Kalifat echoed the earlier criticism of the report expressed by Halimi’s family and lawyers in his Thursday statement.

“Sarah Halimi was not murdered because she happened to be in the killer’s way, or because she lived in the same building, or because she was a nursery school director, or because she had money,” Kalifat remarked. “No, Sarah Halimi was murdered because she was Jewish and for that reason alone.”

Arguing that Traore’s act should be properly understood as an incident of Islamist terrorism, Kalifat continued: “Sarah will remain one more victim of this new hatred of Jews that has been developing in our country since the early 2000s.”

Invoking the Italian word “omerta” — the vow of silence sworn by criminals inducted into the Mafia — Kalifat pointed out that the reluctance of the French authorities to prosecute Halimi’s death as an antisemitic hate crime was established very soon after she was murdered.

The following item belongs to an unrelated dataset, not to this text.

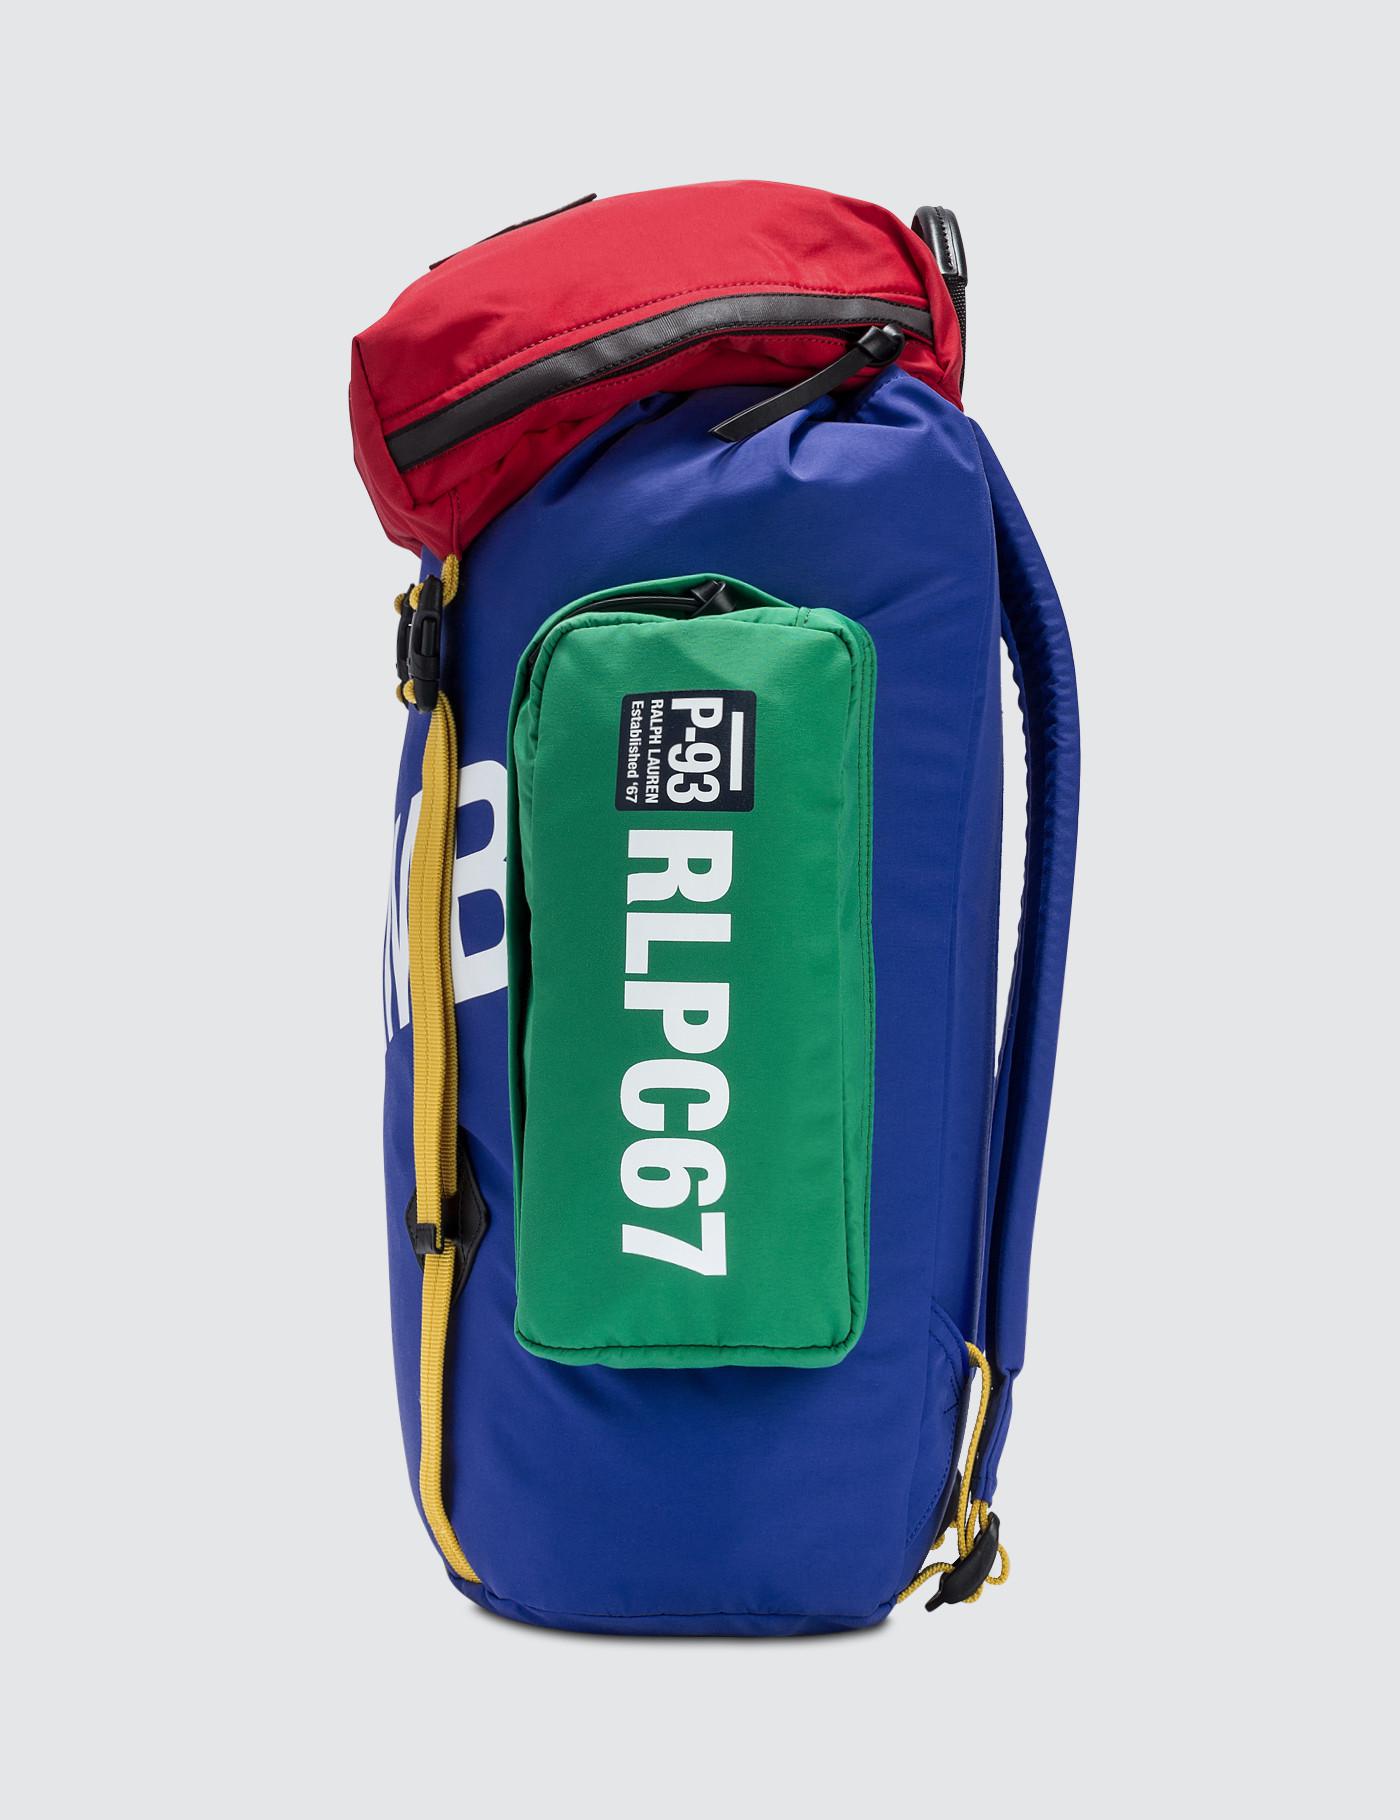 Lyst - Polo Ralph Lauren Hi Tech Backpack in Blue for Men

This stance was fueled by much of the French media, which largely ignored Halimi’s murder until the French presidential elections of May 2017 were over.

In July of that year, the newly-elected French President Emmanuel Macron finally broke the government’s silence over Halimi’s death, when he urged the country’s judiciary to “bring total clarity around the death of Sarah Halimi.”

In those same comments, Macron implicitly criticized the widespread denial in France that Halimi’s murder was an antisemitic act, saying that “we were silent, because we did not want to see.”

Yet two years on, Kalifat said, “this despicable crime is still not recognized as [an antisemitic murder.]”

Only when that recognition is formally made “can Sarah rest in peace and her family start grieving,” Kalifat concluded.